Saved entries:

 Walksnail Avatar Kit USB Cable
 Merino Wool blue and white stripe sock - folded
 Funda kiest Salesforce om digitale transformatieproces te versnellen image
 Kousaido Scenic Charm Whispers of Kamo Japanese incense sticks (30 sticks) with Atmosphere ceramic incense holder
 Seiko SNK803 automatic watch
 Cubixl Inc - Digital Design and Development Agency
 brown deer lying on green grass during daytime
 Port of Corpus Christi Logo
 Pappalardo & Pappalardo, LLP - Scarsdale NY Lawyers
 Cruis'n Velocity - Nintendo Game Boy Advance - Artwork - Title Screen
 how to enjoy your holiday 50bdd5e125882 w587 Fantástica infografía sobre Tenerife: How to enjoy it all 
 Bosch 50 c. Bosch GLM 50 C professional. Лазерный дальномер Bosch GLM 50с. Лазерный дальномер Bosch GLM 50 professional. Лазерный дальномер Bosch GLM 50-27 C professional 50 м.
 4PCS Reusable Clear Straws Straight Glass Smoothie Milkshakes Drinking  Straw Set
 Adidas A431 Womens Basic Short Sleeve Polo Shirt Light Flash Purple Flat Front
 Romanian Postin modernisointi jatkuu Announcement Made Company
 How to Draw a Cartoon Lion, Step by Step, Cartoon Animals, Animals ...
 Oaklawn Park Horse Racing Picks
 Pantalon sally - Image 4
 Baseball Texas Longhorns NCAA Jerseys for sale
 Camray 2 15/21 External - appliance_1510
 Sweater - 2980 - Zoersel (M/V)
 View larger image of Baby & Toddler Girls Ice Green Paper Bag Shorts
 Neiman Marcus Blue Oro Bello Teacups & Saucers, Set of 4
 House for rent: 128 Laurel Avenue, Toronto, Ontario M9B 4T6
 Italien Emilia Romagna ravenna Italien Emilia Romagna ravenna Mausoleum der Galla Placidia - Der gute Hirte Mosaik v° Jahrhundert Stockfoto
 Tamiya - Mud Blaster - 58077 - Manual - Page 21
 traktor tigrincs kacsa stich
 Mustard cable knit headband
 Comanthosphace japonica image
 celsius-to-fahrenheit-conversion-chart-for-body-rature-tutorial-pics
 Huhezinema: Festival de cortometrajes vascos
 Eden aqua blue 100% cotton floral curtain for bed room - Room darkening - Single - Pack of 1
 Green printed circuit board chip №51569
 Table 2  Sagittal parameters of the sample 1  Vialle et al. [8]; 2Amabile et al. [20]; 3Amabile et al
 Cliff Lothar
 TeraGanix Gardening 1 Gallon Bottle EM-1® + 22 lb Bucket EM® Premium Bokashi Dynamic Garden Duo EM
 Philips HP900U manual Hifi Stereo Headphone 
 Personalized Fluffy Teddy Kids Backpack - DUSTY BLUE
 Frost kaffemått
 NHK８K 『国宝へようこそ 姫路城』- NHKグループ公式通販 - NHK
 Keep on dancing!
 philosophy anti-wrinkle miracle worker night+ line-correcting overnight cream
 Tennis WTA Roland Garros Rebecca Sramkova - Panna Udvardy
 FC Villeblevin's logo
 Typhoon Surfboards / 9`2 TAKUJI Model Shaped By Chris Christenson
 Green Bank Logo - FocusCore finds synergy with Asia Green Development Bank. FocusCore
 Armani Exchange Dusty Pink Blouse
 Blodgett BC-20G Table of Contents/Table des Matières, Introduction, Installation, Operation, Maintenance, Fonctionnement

## Exercise
Print the entries once more, identical in every line.

## Answer to this problem
 Walksnail Avatar Kit USB Cable
 Merino Wool blue and white stripe sock - folded
 Funda kiest Salesforce om digitale transformatieproces te versnellen image
 Kousaido Scenic Charm Whispers of Kamo Japanese incense sticks (30 sticks) with Atmosphere ceramic incense holder
 Seiko SNK803 automatic watch
 Cubixl Inc - Digital Design and Development Agency
 brown deer lying on green grass during daytime
 Port of Corpus Christi Logo
 Pappalardo & Pappalardo, LLP - Scarsdale NY Lawyers
 Cruis'n Velocity - Nintendo Game Boy Advance - Artwork - Title Screen
 how to enjoy your holiday 50bdd5e125882 w587 Fantástica infografía sobre Tenerife: How to enjoy it all 
 Bosch 50 c. Bosch GLM 50 C professional. Лазерный дальномер Bosch GLM 50с. Лазерный дальномер Bosch GLM 50 professional. Лазерный дальномер Bosch GLM 50-27 C professional 50 м.
 4PCS Reusable Clear Straws Straight Glass Smoothie Milkshakes Drinking  Straw Set
 Adidas A431 Womens Basic Short Sleeve Polo Shirt Light Flash Purple Flat Front
 Romanian Postin modernisointi jatkuu Announcement Made Company
 How to Draw a Cartoon Lion, Step by Step, Cartoon Animals, Animals ...
 Oaklawn Park Horse Racing Picks
 Pantalon sally - Image 4
 Baseball Texas Longhorns NCAA Jerseys for sale
 Camray 2 15/21 External - appliance_1510
 Sweater - 2980 - Zoersel (M/V)
 View larger image of Baby & Toddler Girls Ice Green Paper Bag Shorts
 Neiman Marcus Blue Oro Bello Teacups & Saucers, Set of 4
 House for rent: 128 Laurel Avenue, Toronto, Ontario M9B 4T6
 Italien Emilia Romagna ravenna Italien Emilia Romagna ravenna Mausoleum der Galla Placidia - Der gute Hirte Mosaik v° Jahrhundert Stockfoto
 Tamiya - Mud Blaster - 58077 - Manual - Page 21
 traktor tigrincs kacsa stich
 Mustard cable knit headband
 Comanthosphace japonica image
 celsius-to-fahrenheit-conversion-chart-for-body-rature-tutorial-pics
 Huhezinema: Festival de cortometrajes vascos
 Eden aqua blue 100% cotton floral curtain for bed room - Room darkening - Single - Pack of 1
 Green printed circuit board chip №51569
 Table 2  Sagittal parameters of the sample 1  Vialle et al. [8]; 2Amabile et al. [20]; 3Amabile et al
 Cliff Lothar
 TeraGanix Gardening 1 Gallon Bottle EM-1® + 22 lb Bucket EM® Premium Bokashi Dynamic Garden Duo EM
 Philips HP900U manual Hifi Stereo Headphone 
 Personalized Fluffy Teddy Kids Backpack - DUSTY BLUE
 Frost kaffemått
 NHK８K 『国宝へようこそ 姫路城』- NHKグループ公式通販 - NHK
 Keep on dancing!
 philosophy anti-wrinkle miracle worker night+ line-correcting overnight cream
 Tennis WTA Roland Garros Rebecca Sramkova - Panna Udvardy
 FC Villeblevin's logo
 Typhoon Surfboards / 9`2 TAKUJI Model Shaped By Chris Christenson
 Green Bank Logo - FocusCore finds synergy with Asia Green Development Bank. FocusCore
 Armani Exchange Dusty Pink Blouse
 Blodgett BC-20G Table of Contents/Table des Matières, Introduction, Installation, Operation, Maintenance, Fonctionnement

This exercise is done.